Павлик не все хорошо понимал, о чем говорила бабушка, но столько горя, столько сожаления о напрасно потраченной жизни слышал он в самом ее голосе, что готов был заплакать вместе с ней. Он молчал, тихонько поглаживал большую горячую руку, смотрел в слезящиеся глаза.
Вечерело. В кухне на полу кто-то словно расстелил вышитые багровым цветом половички и медленно передвигал их от одной стены к другой. Докрасна раскалились стекла маленького окна. Видимые в открытую дверь верхушки деревьев были охвачены светлым неподвижным пламенем. На пороге кухни топтались куры, и красивый «уводливый» петух, изогнув шею, боком заглядывал в дом.
— Это они пить просят,— сказала бабушка.— Пашенька, возьми ковшик, налей им в корытце водички... Пропитание-то они сами себе летом по лесу добывают, а попить близко негде... Налей...
Павлик вылил в долбленое деревянное корытце несколько ковшей воды, посмотрел, как куры с жадностью пьют, смешно запрокидывая головы, и снова вернулся к бабушке. И она опять успокоила его:
— Ничего, Пашенька, ничего... Я на болезни на всякие твердая, я им сроду не поддавалась...
Скосив глаз, Павлик смотрел, как медленно угасает день, и в сердце его росла тревога, еще неясная, неопределенная.
Дед не пришел ни ужинать, ни ночевать. Бабушка всю ночь спала плохо, много раз вставала пить. Павлик слышал, как звенел о край ведра жестяной ковшик, как плескалась вода и как бабушка пила гулкими, жадными глотками. Ночь тянулась медленно. То и дело принимался яростно лаять Пятнаш, и бабушка, бормоча что-то, подходила к двери и смотрела во двор, на опушку леса, где, как белые призраки, двигались столбы тумана.

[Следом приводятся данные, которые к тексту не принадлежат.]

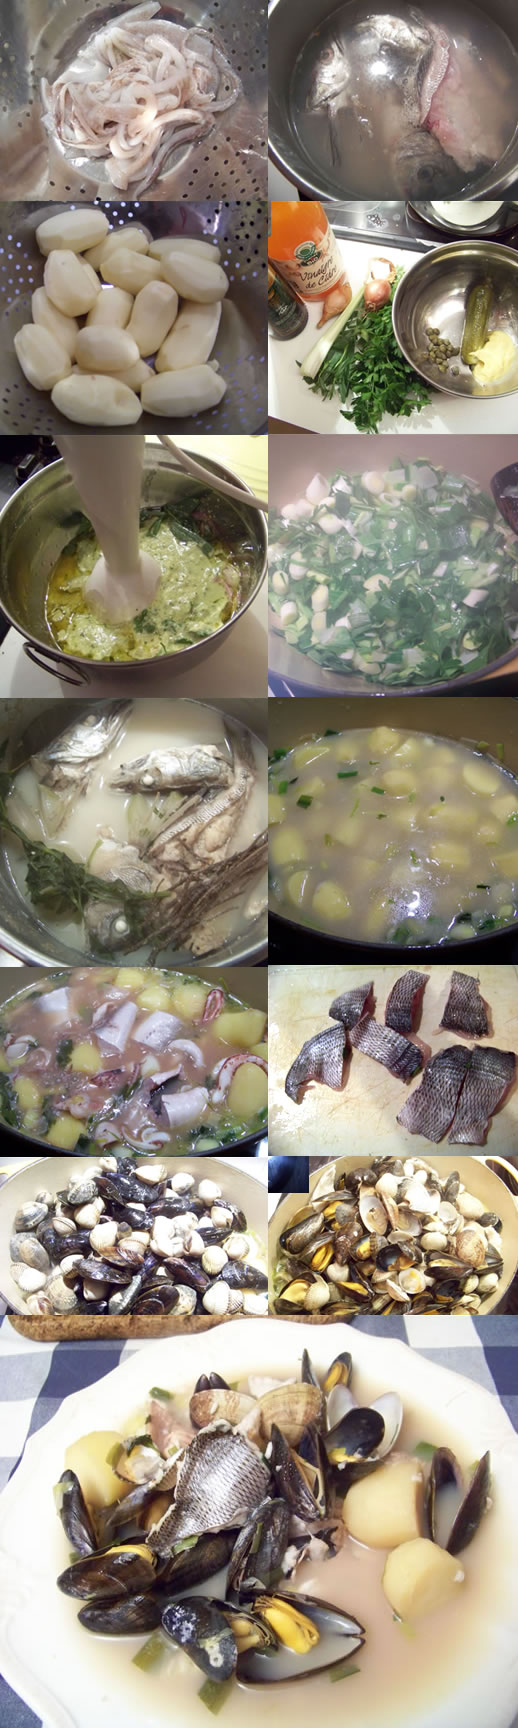 recette de la cotriade, soupe bretonne de poisson et fruits de mer
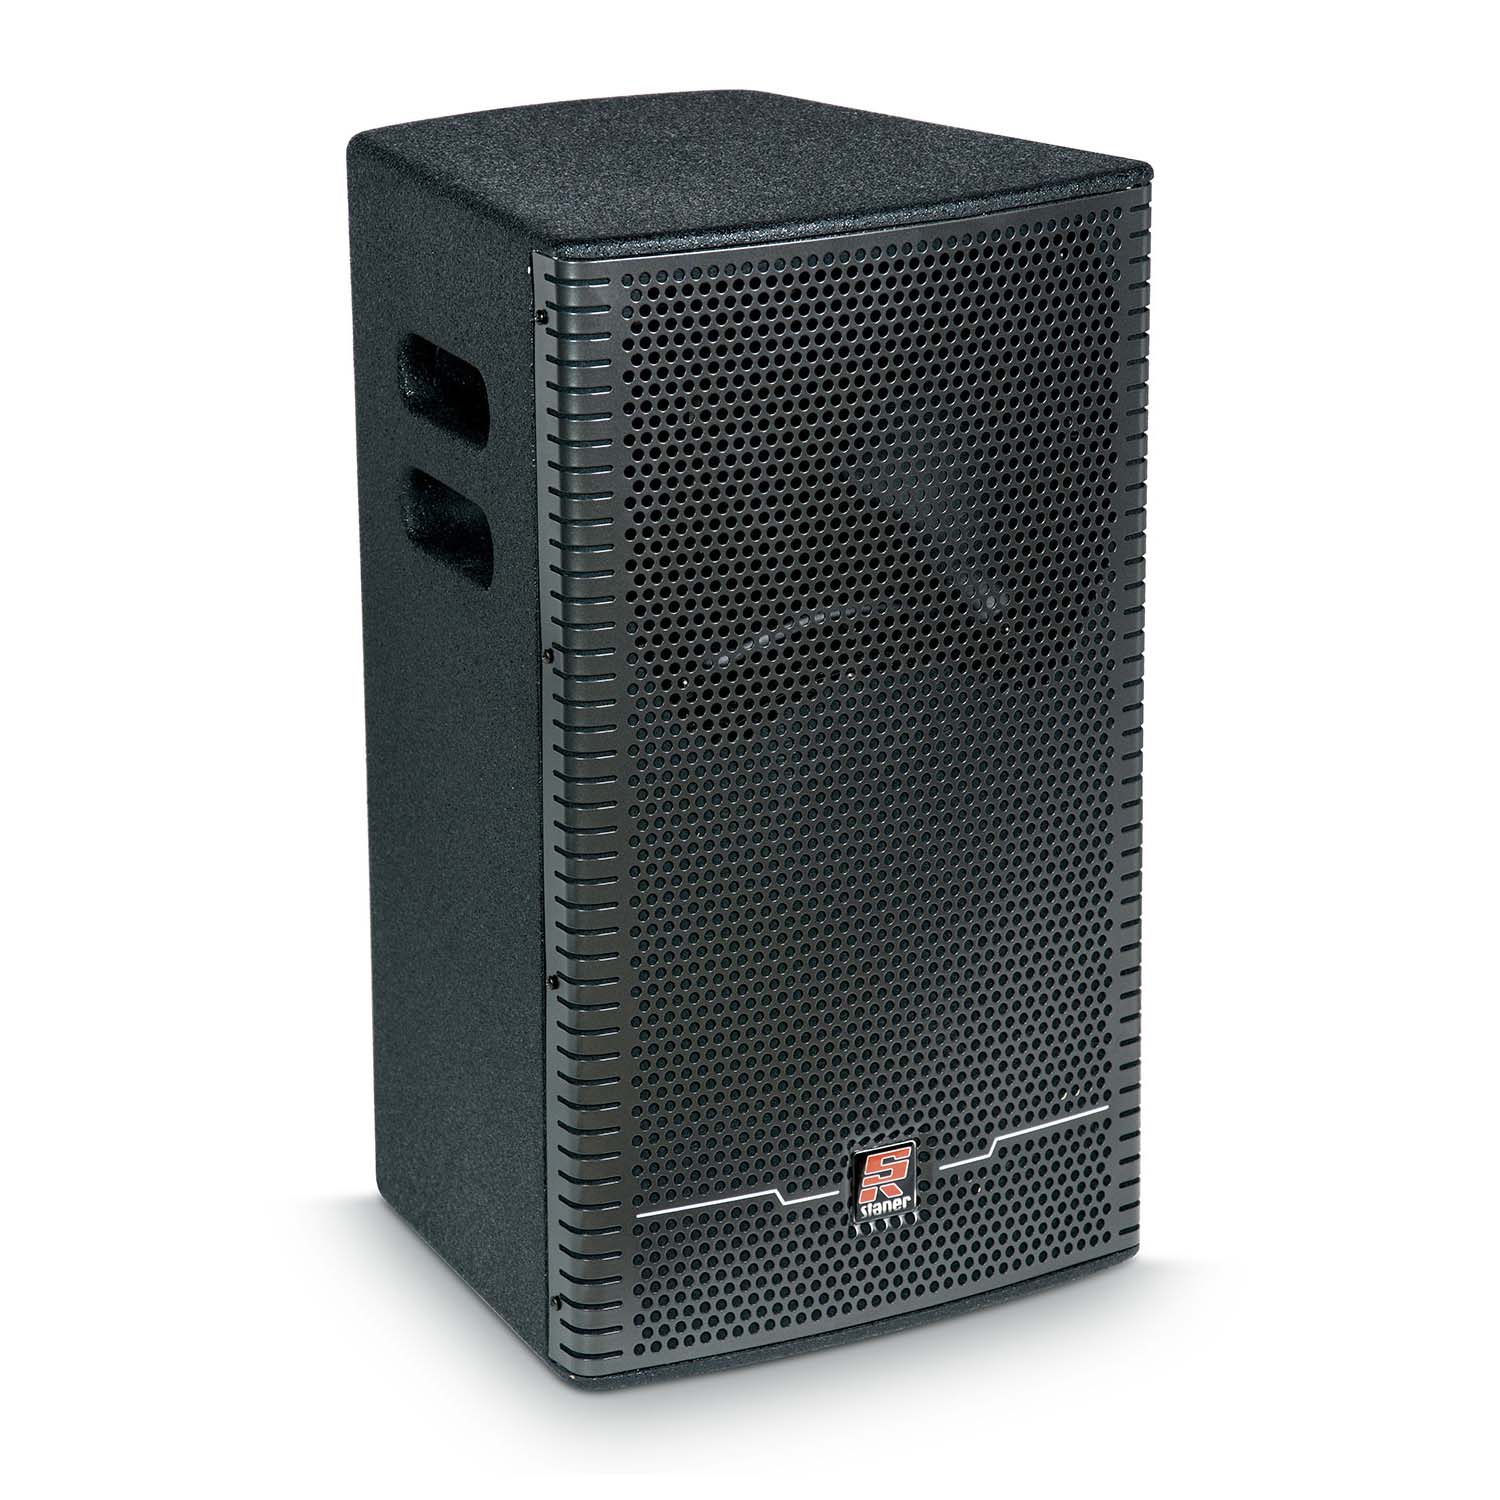 Caixa Acústica Ativa  STANER  UPPER 312A   2 Vias 180 W Bluetooth FM USB MP3

— Спаси бог от лихого человека,— шептала она, возвращаясь в чулан.
Утром ей стало немного лучше.
— Ну вот видишь, внучек, я тебе говорила: я против хворостей всяких твердая, двужильная.
Рано утром она подоила корову, а Павлик, который тоже не мог больше уснуть, помог ей отогнать Буренку на опушку и там привязать длинной веревкой к дереву.
— А зачем ты ее привязываешь, бабуся? Разве убежит?
— Сама-то не убежит. А лихих людей, Пашенька, по голодному времени больно уж много развелось. Пусти ее в лес, ее там обратают, отгонят куда в овраг и освежуют... Голод же...
Похлопотав по хозяйству, бабушка снова легла, опять у нее горячечным блеском заблестели глаза, опять движения стали суетливыми и испуганными. Она все шевелила, перебирала по одеялу руками, как будто хотела ощупью найти какую-то необходимую вещь.
Утром зашла соседка, мать Андрейки и Клани. Это была рыжеволосая, веснушчатая, рыхлая женщина с некрасивым, расплывающимся, измученным лицом: дешевенькие сережки, которые голубели у нее в ушах, только подчеркивали ее некрасоту. Она присела на край кровати, спросила:
— Аль занедужила, Егоровна?
— Да нет. Вчера в Подлесное ходила. Машенька там у меня помирает... Ну и...
— Все под богом ходим,— равнодушно сказала соседка. И, заторопившись, встала.— Я вот что, Егоровна. Мы нынче в сенокос на Березовые рукава уходим. Сам-то уж второй день там... Пойдем сгребать, до вечера. Погляди за домом, ежели что...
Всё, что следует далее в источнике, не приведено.